Insurers should stick to letters of agreement with brokers

By Canadian Underwriter | October 31, 2007 | Last updated on October 1, 2024
1 min read

Insurance companies that are lax about following the letter of their agreements with brokers may find themselves sharing responsibility — and liability — with brokers in E&O claims, an audience attending an Insurance Brokers Association of Ontario (IBAO) education panel heard.

This may even be true even in seemingly open-and-shut E&O cases illustrating broker negligence. Insurers need to be careful they aren’t creating expectations among brokers when they try to help brokers out in certain situations that may technically fall outside the insurer-broker agreement.

For example, insurers might help brokers out by ‘backdating’ insurance coverage, thus seemingly providing “seamless’ policy coverage back to the point when the policy had expired. Or insurers might allow brokers to bind coverage that technically falls outside limits defined in the insurer-broker agreement.

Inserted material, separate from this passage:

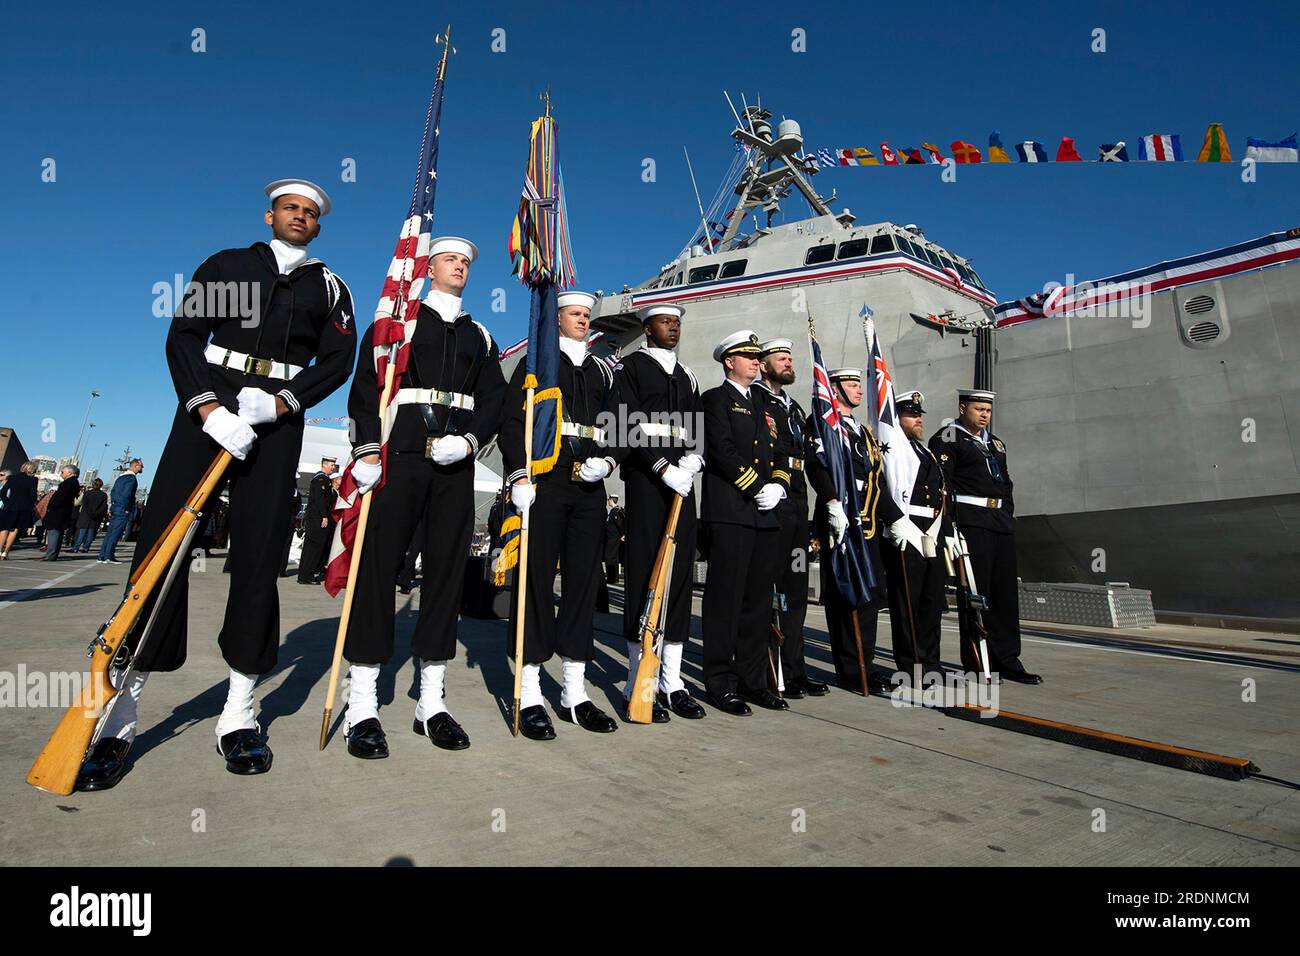 Sydney, Australia. 22nd July, 2023. U.S. Navy Ceremonial Guard and the Royal Australian Navy ceremonial guard line up by the Independence-variant littoral combat ship USS Canberra before the commissioning ceremony, July 22, 2023 in Sydney, Australia. The USS Canberra, namesake ship of the capitol of Australia, was formally commissioning during the ceremony. Credit: EJ Hersom/U.S Navy Photo/Alamy Live News Stock Photo
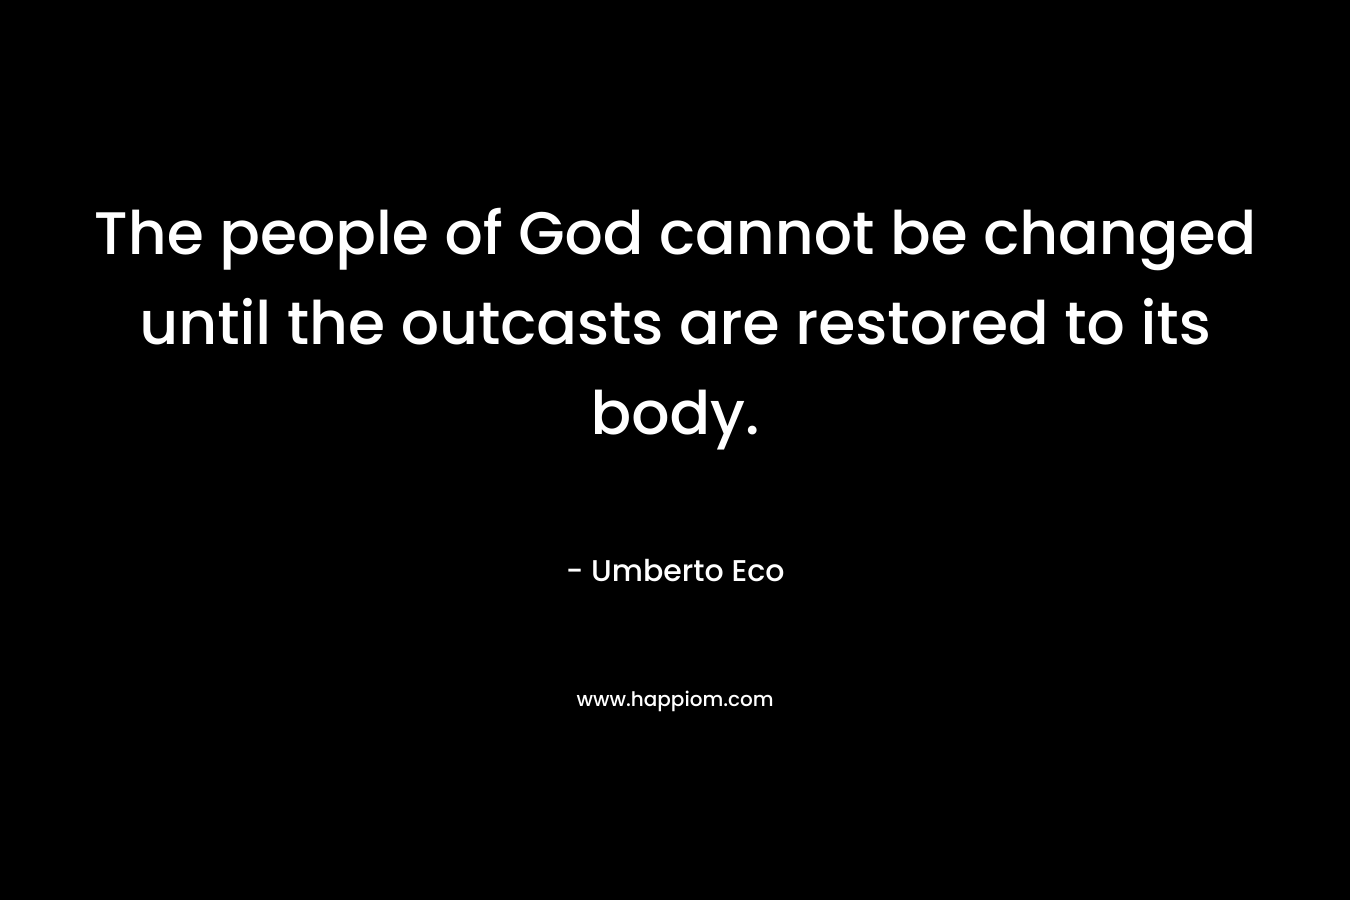 The people of God cannot be changed until the outcasts are restored to its body. – Umberto Eco

These practices on the part of the insurer may be contrary to the agreement between the broker and the insurer. By allowing this to happen, noted Jeff Bear, the CEO of the Ontario brokers’ regulatory body RIBO, insurers are creating a reasonable expectation among brokers and clients that a claim will be covered even in circumstances when the insurer never:

* knew about the request for coverage;

* sent out documents confirming the coverage; and

* collected premiums from the brokers or the brokers’ clients for the coverage.